CrowdMap allows users to gather information and turn it into a visualization. The system works by gathering information from websites, news sources and cell phones. The data collected is aggregated into a centralized platform. It can then be displayed on a map or timeline. The application works entirely online so there is no need to download software. CrowdMap allows users to build interactive Google maps that can help them plot reports and collect the data they need quickly. Timelines allow the user to track reports and maps generated over a period of time. The user can set date filters to determine what was happening and when it happened. Real Time tracking tools allow users to stay on top of the information gathered in a way that is easy to understand.Show more screenshots »
CrowdMap was developed in 2011 by the non-profit Ushahidi software company. Ushahidi was founded in January of 2008. Today, the team consists of around five members, including Executive Director Ory Okolloh, Director of Development David Kobia, Director of Crisis Mapping Patrick Meier, Director of Operations Erik Hersman, Director of Programs Juliana Rotich and SwiftRiver Director Jonathan Gosier. The company has received grant funding numerous times since May of 2009.
CrowdMap is unique because it allows users to gather information and compile it in a visual way. Users can map data out to learn what they need to based on what information was being gathered. A timeline feature allows users to place a time and location to the data collected, which helps add coherency and relevancy to the information being reviewed. The system is also web based, which means no additional software download is needed.
The CrowdMap website utilizes an eye-catching grey and red color scheme with a stylish sphere logo. Hints of light blue and grey elements pepper the site in a way that adds variety. The five main navigational links can be found in the dark grey header. Overall, the site is very easy to read and navigate. The maps and timelines are also stylish and organized, utilizing colors to provide enough contrast to make them readable at a glance.

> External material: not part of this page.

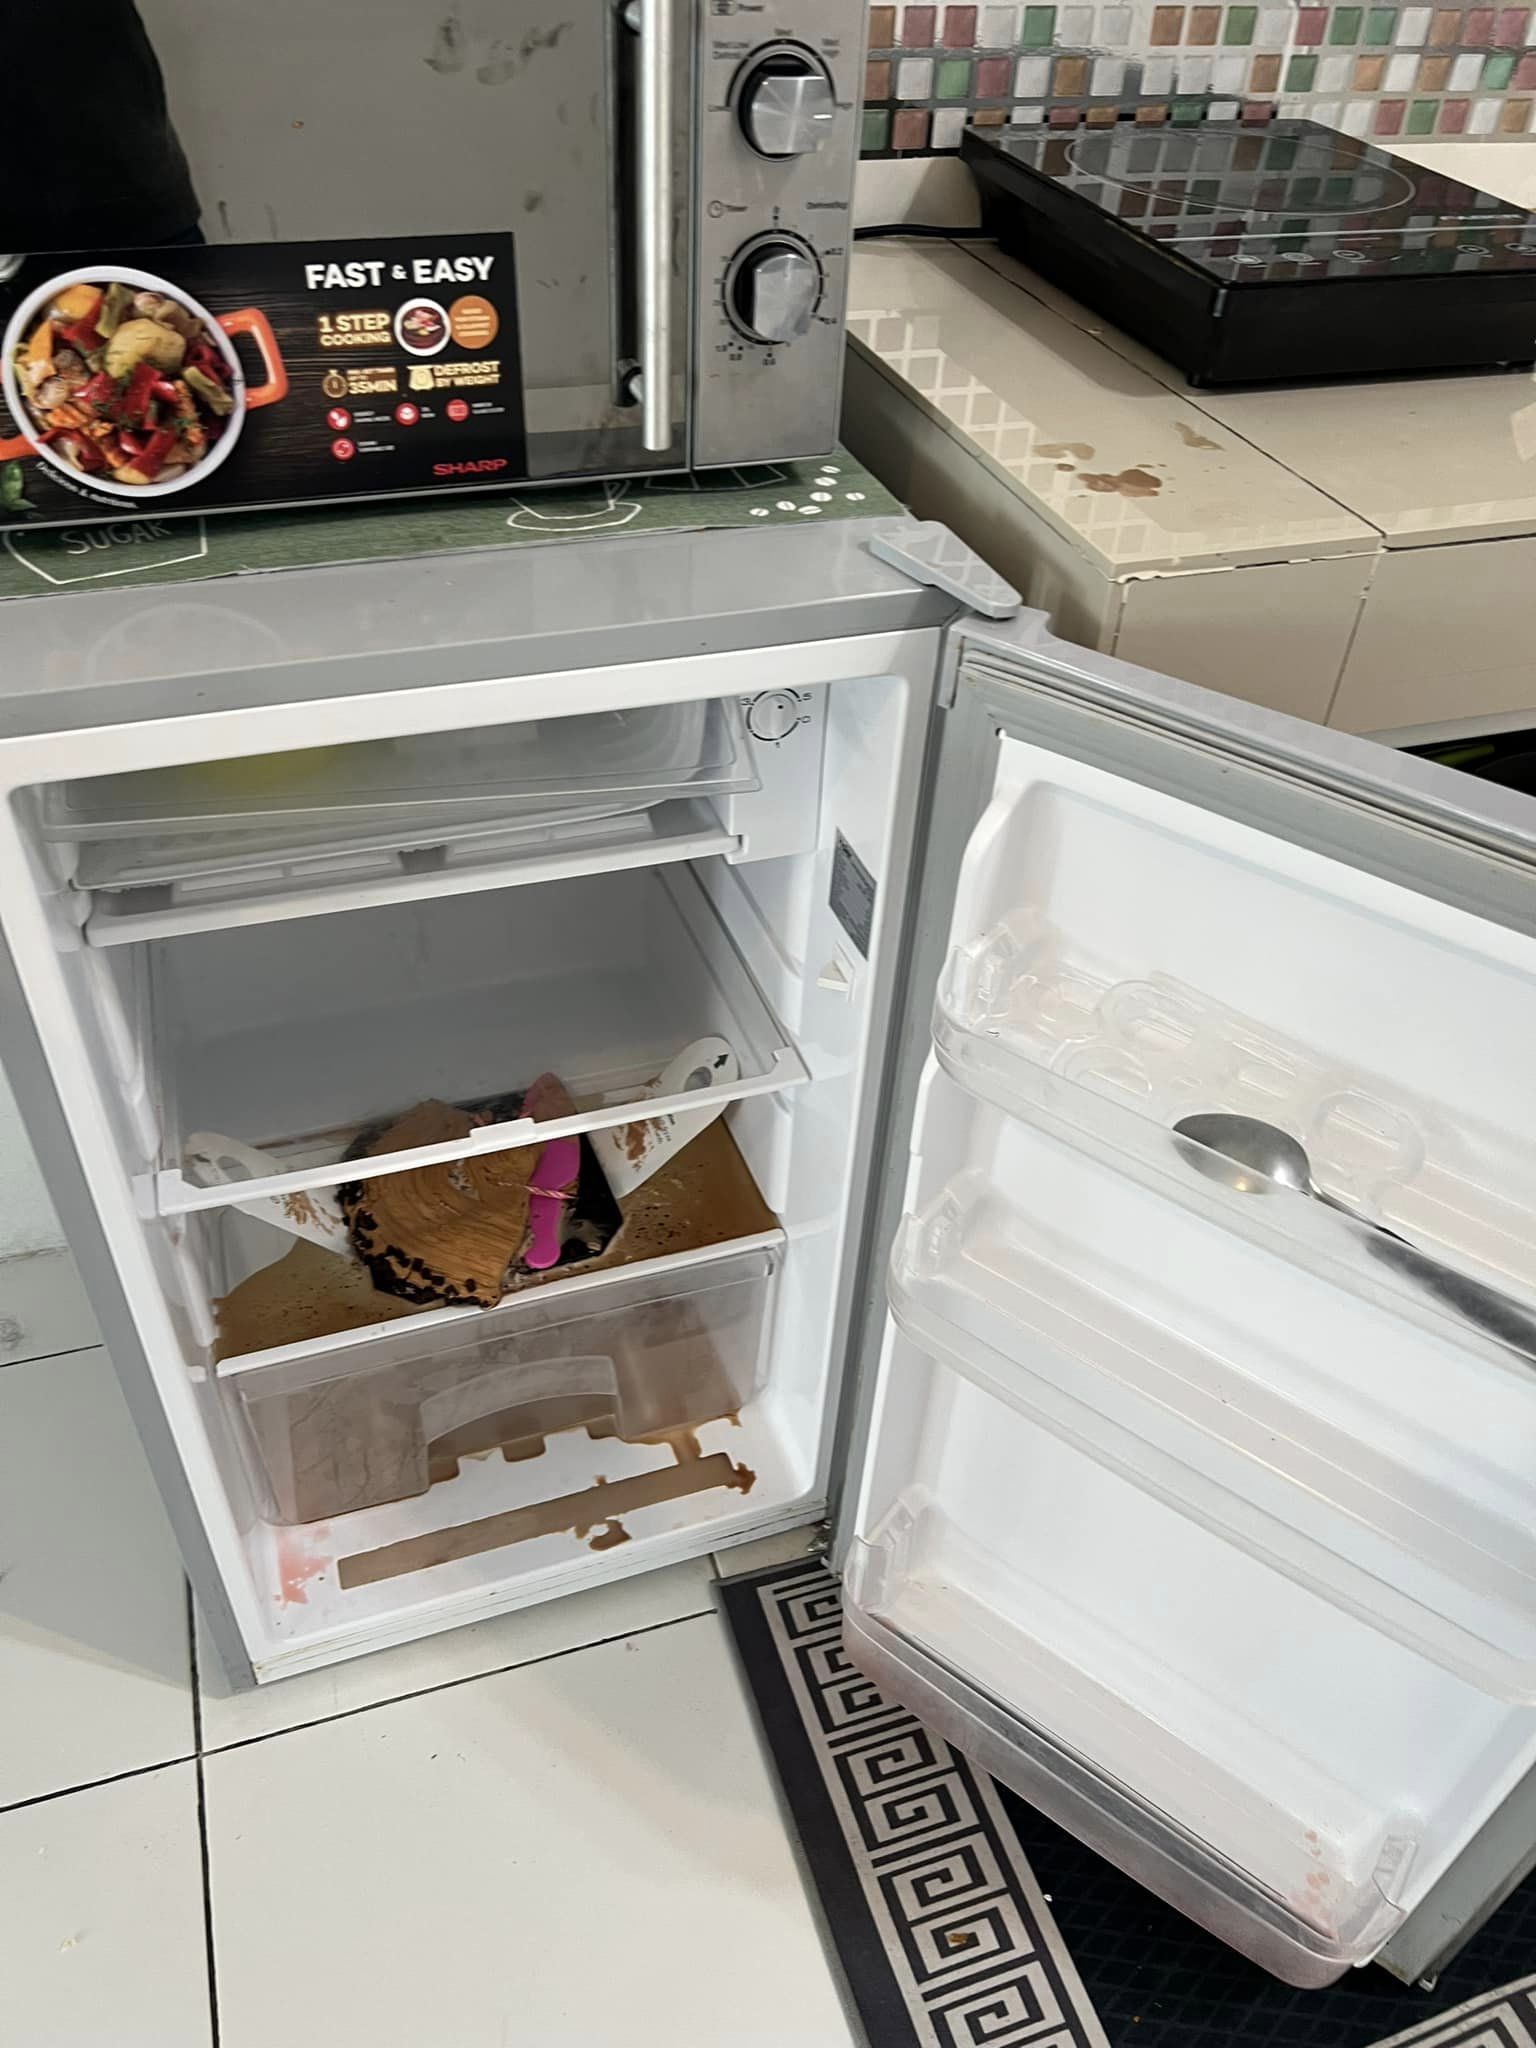 Messy fridge
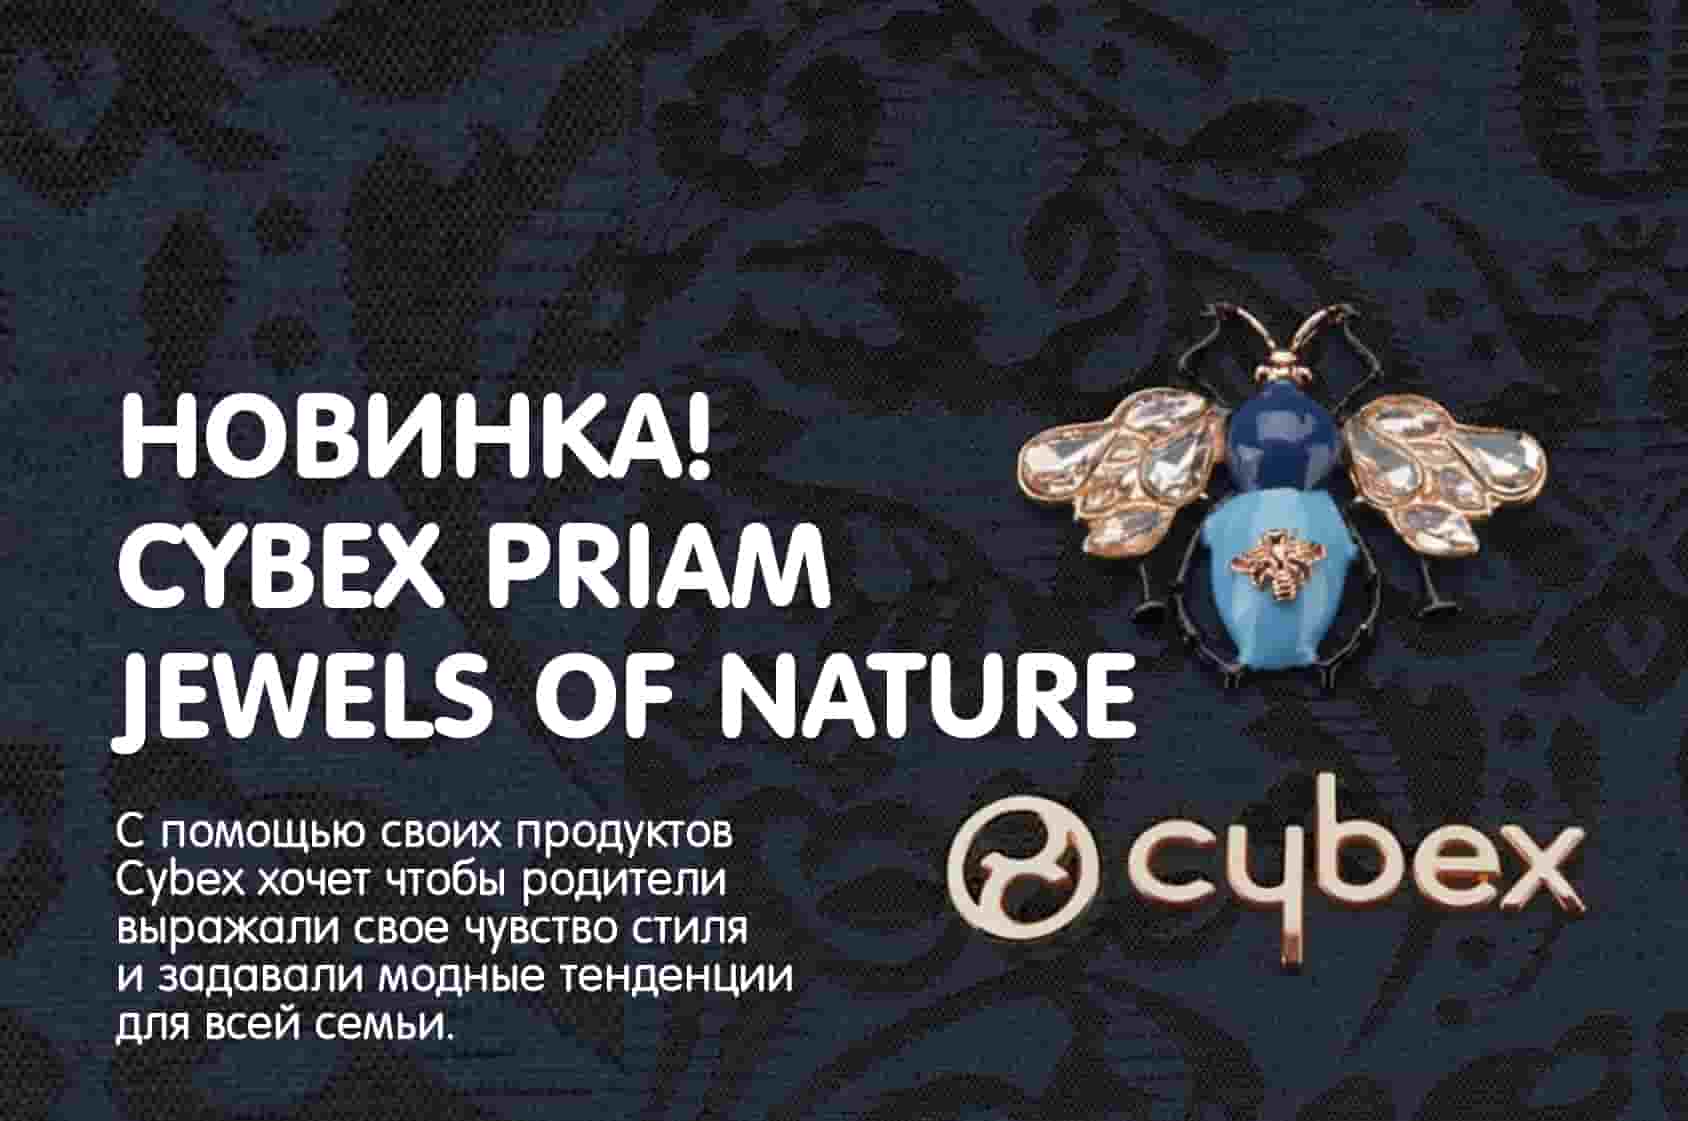 Новинка! Коляска Cybex Priam Jewels of Nature

CrowdMap is currently available to anyone for free. If the user is willing to take a few minutes to register, they can access all current CrowdMap features. The site is still in beta, so there is always the chance that this could change in the future. It is doubtful considering the company behind CrowdMap is listed as a non-profit developer.
CrowdMap offers a new way to gather, compile and present information. Users who collect information from the internet, news resources or cell phones can use CrowdMap to build a comprehensive data resource. The site is easy to use and the resulting maps and timelines are very well organized and attractive, making them functional for a number of purposes.